### WHAT YOU ARE ASKED TO DO
Only one span of the material below is wanted. Output it exactly, from the line with "батал новинка 2020" through the line with "Paw patrol clipart", without any pictures.

### DATA
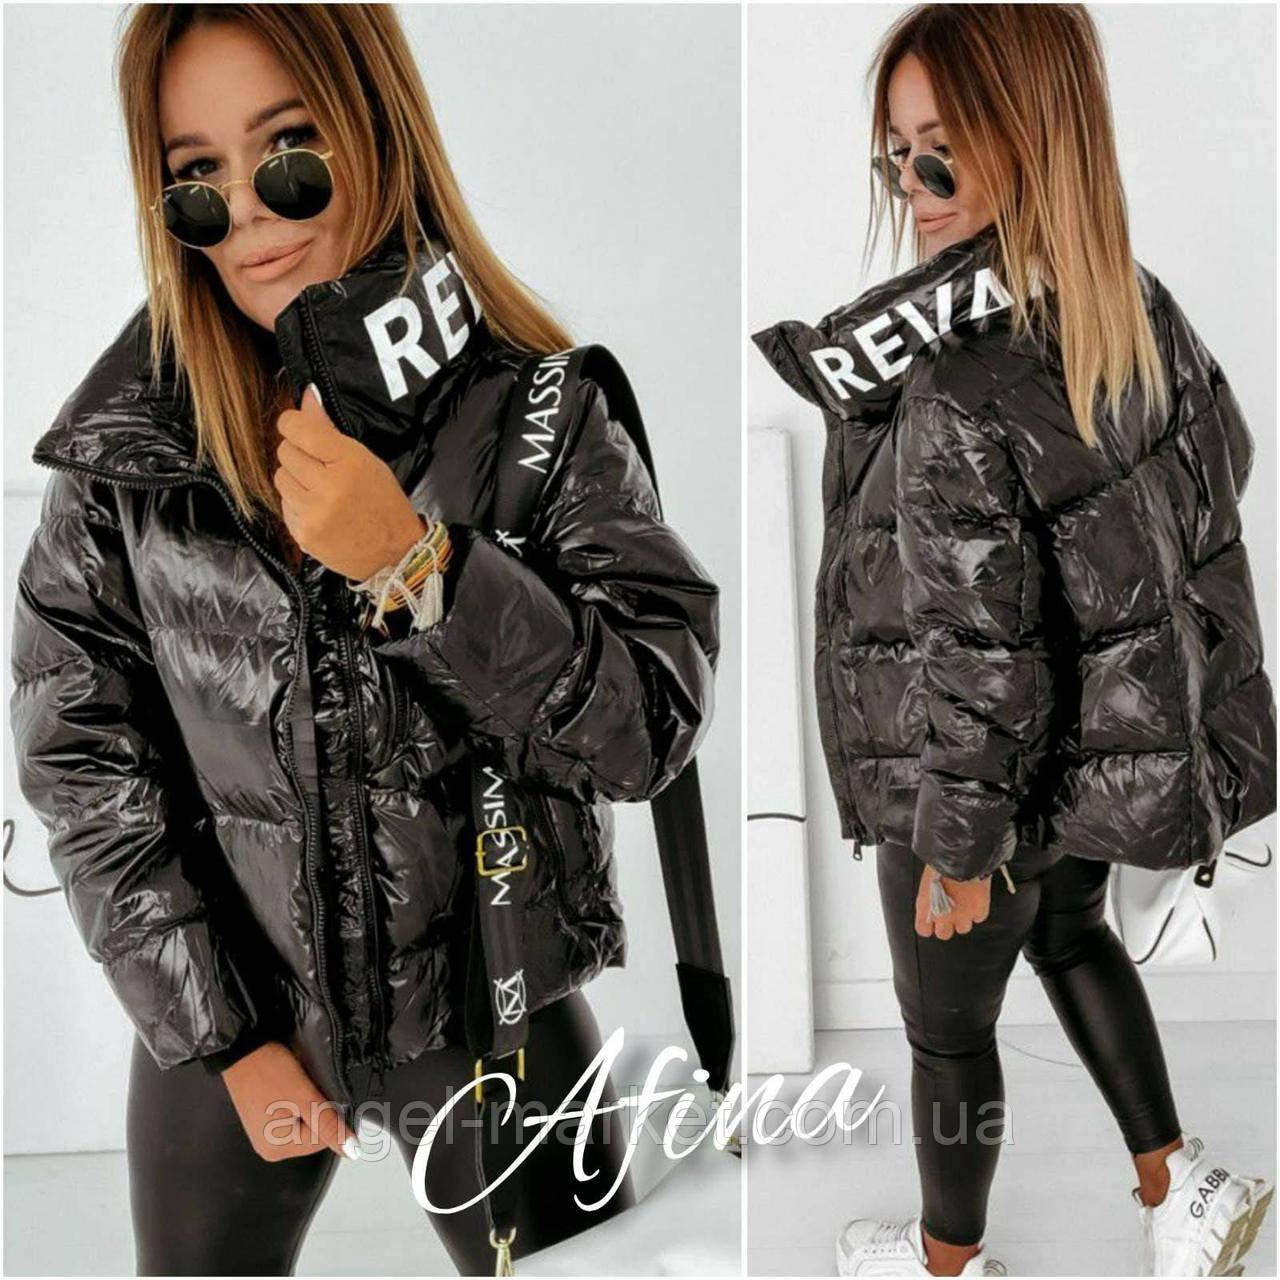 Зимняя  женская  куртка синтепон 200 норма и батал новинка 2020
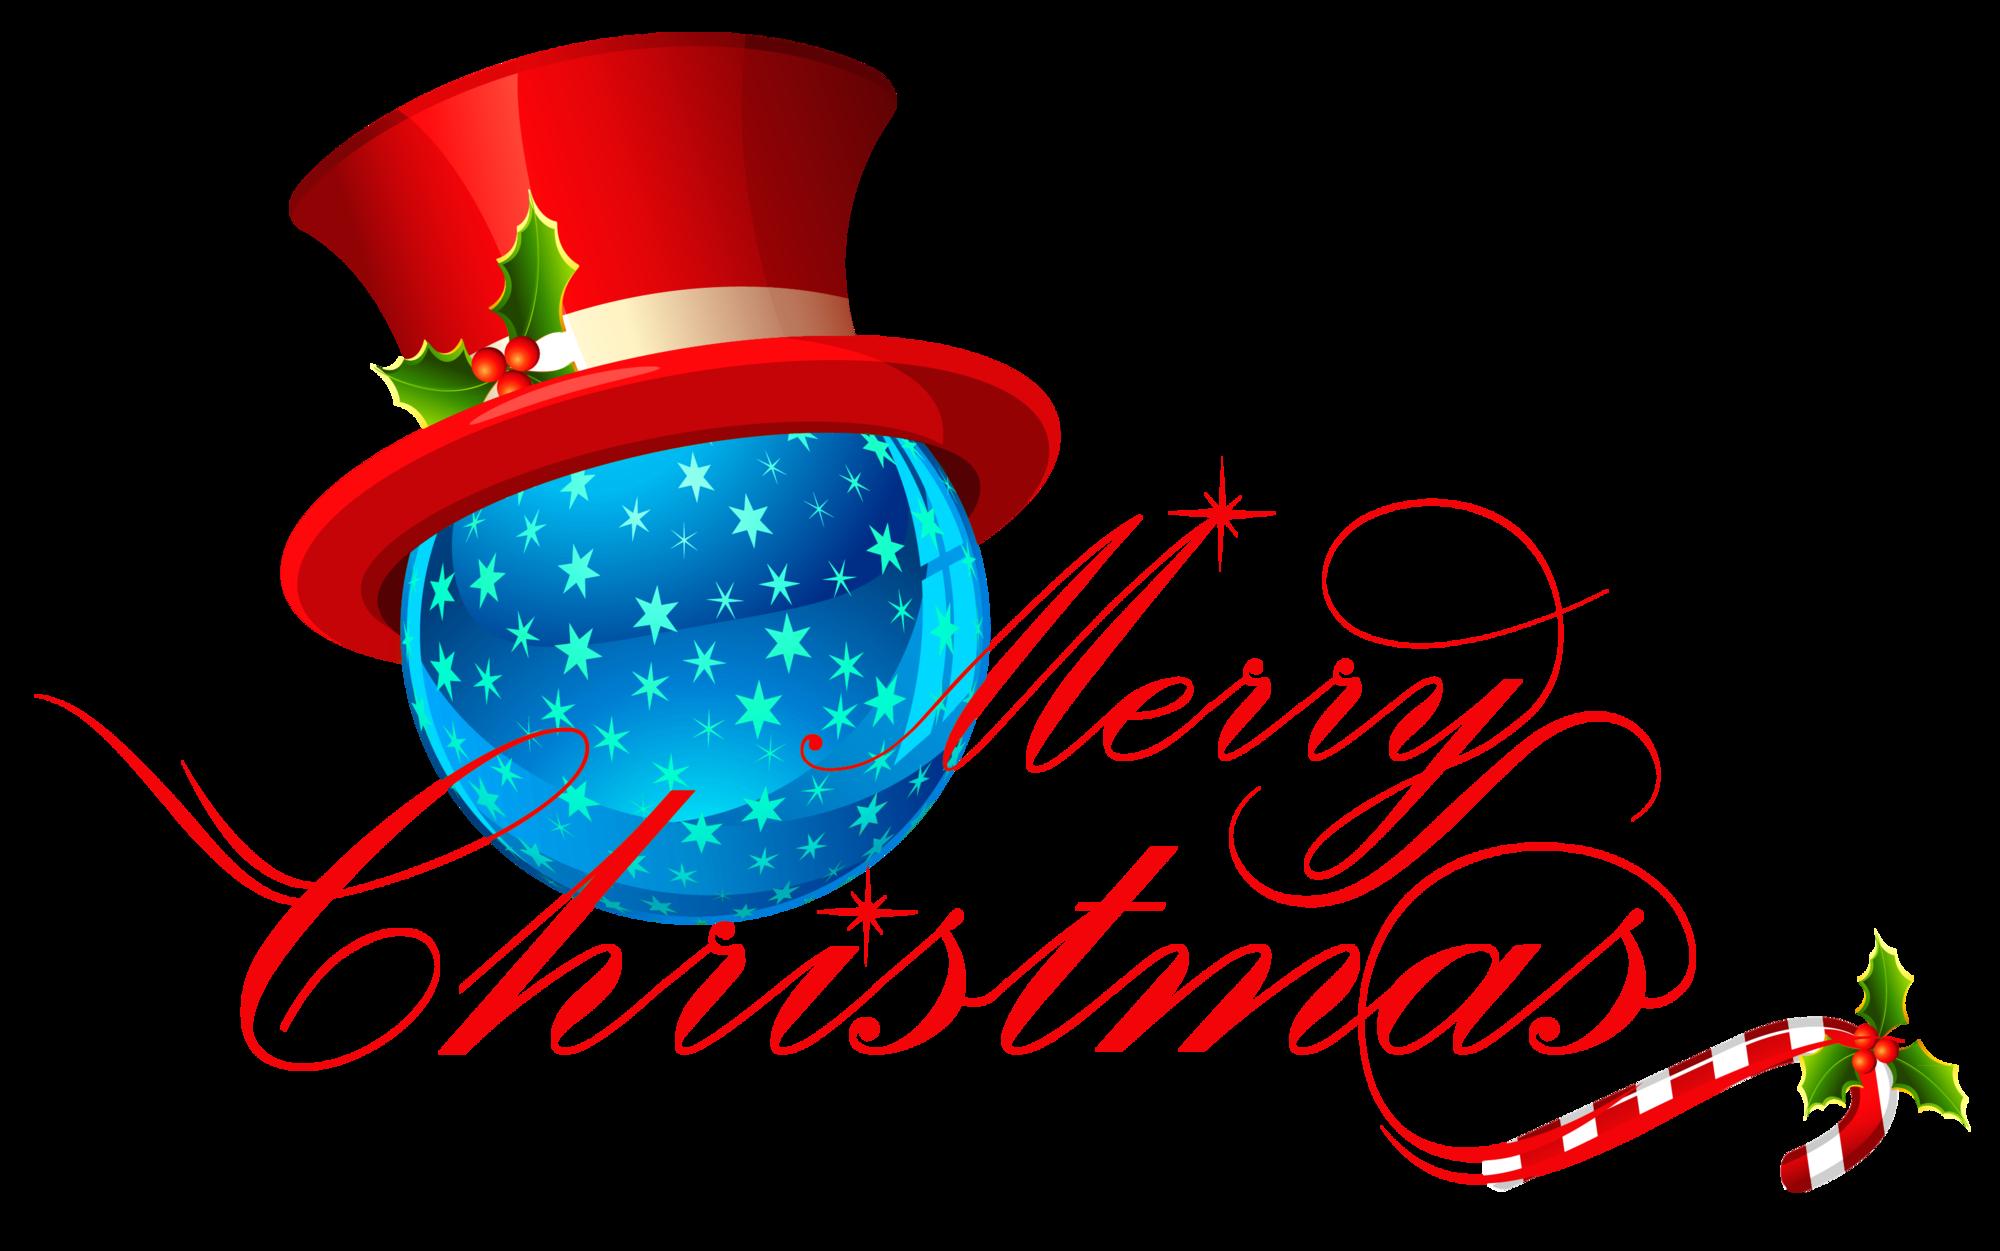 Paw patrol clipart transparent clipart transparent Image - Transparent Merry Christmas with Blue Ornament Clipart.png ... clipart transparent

==

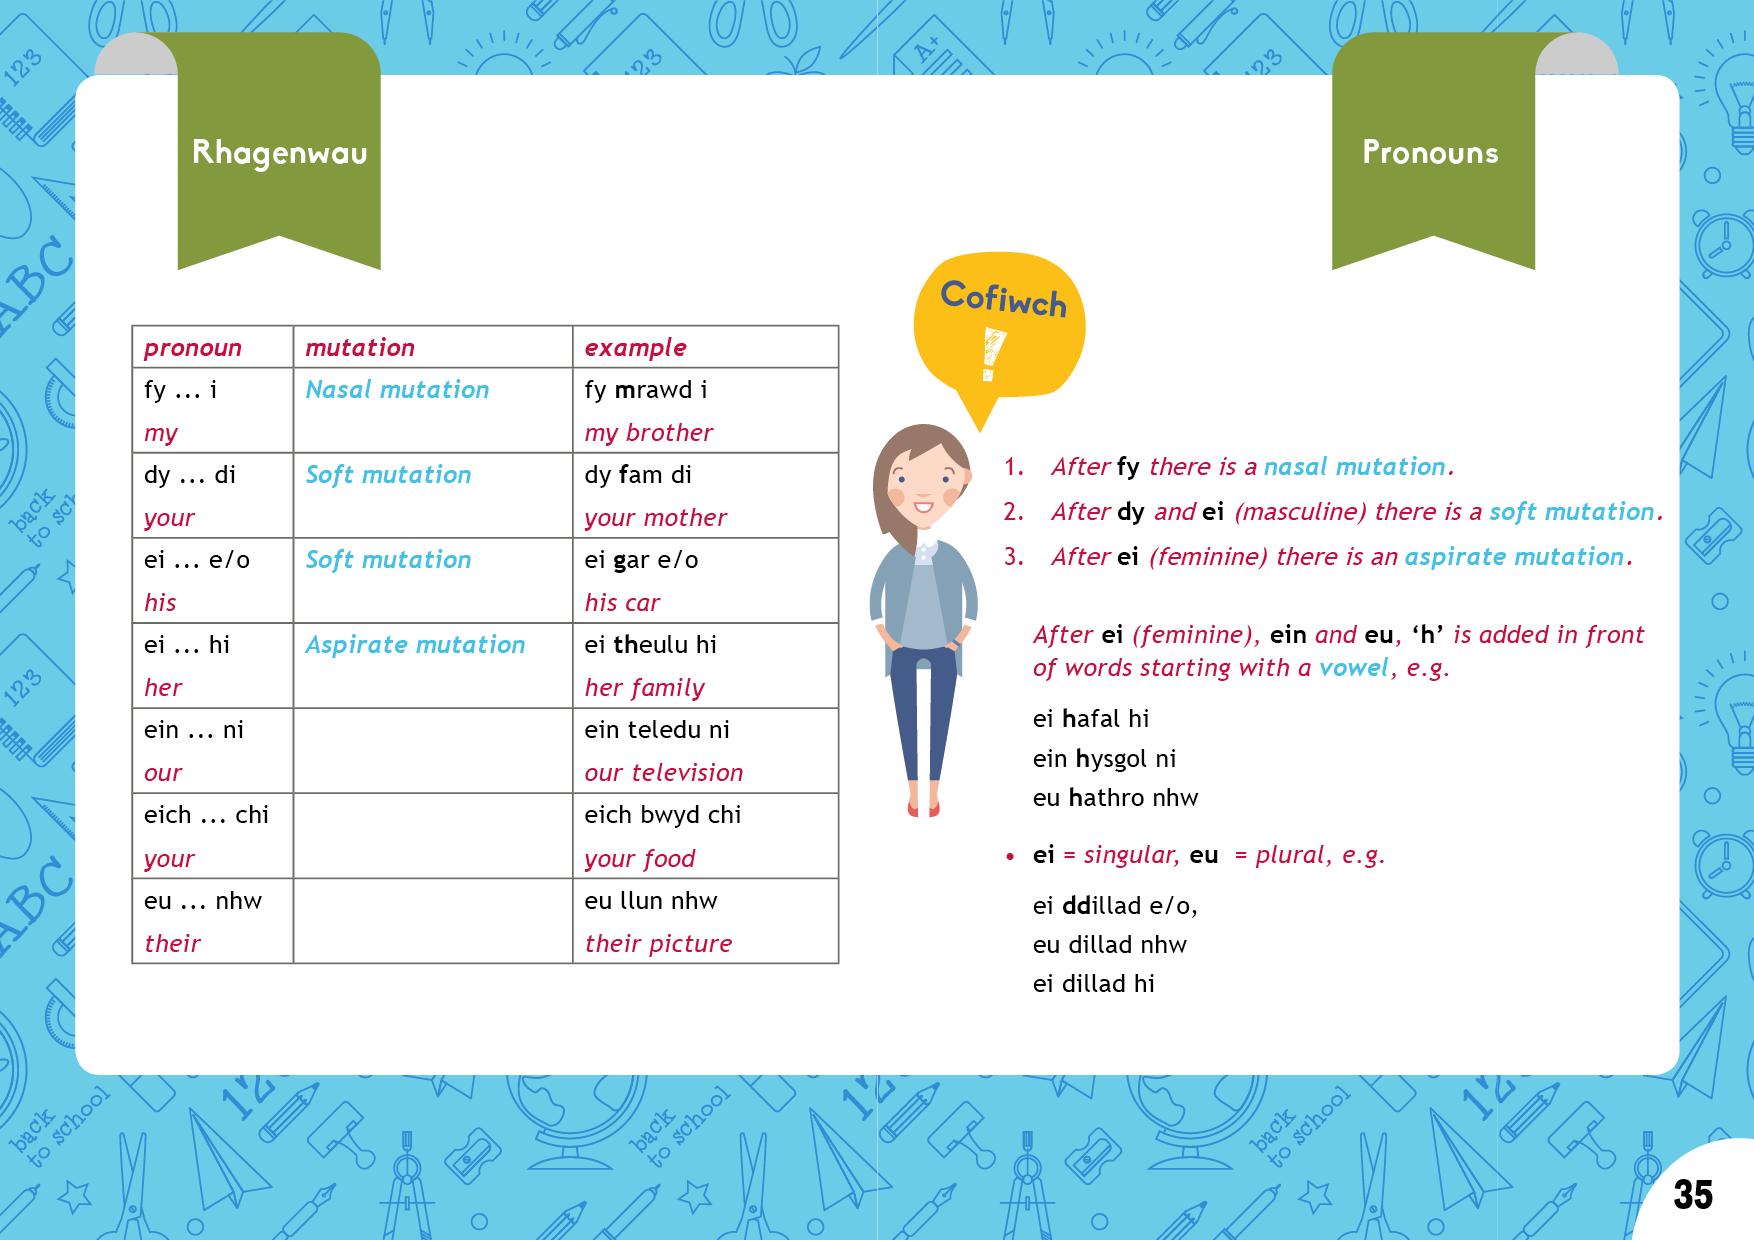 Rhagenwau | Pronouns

...

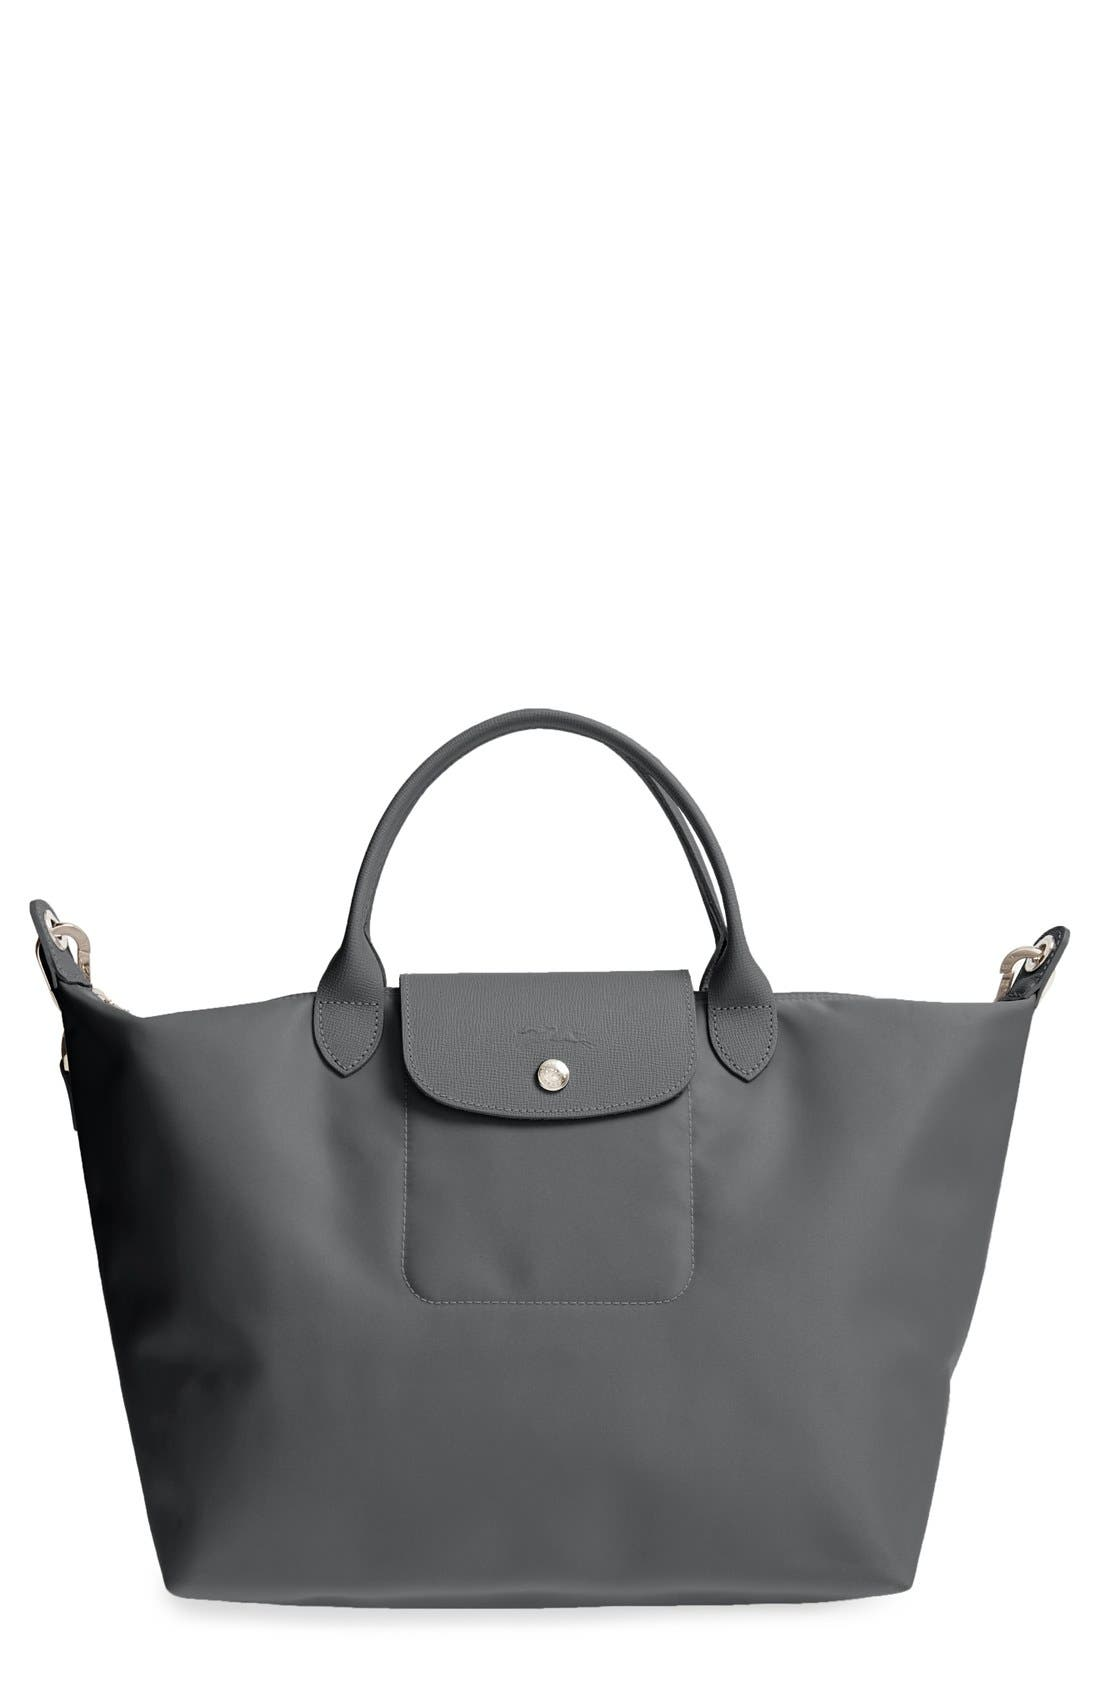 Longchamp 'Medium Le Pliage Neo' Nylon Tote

### ANSWER TO THIS TASK
 Зимняя  женская  куртка синтепон 200 норма и батал новинка 2020
 Paw patrol clipart transparent clipart transparent Image - Transparent Merry Christmas with Blue Ornament Clipart.png ... clipart transparent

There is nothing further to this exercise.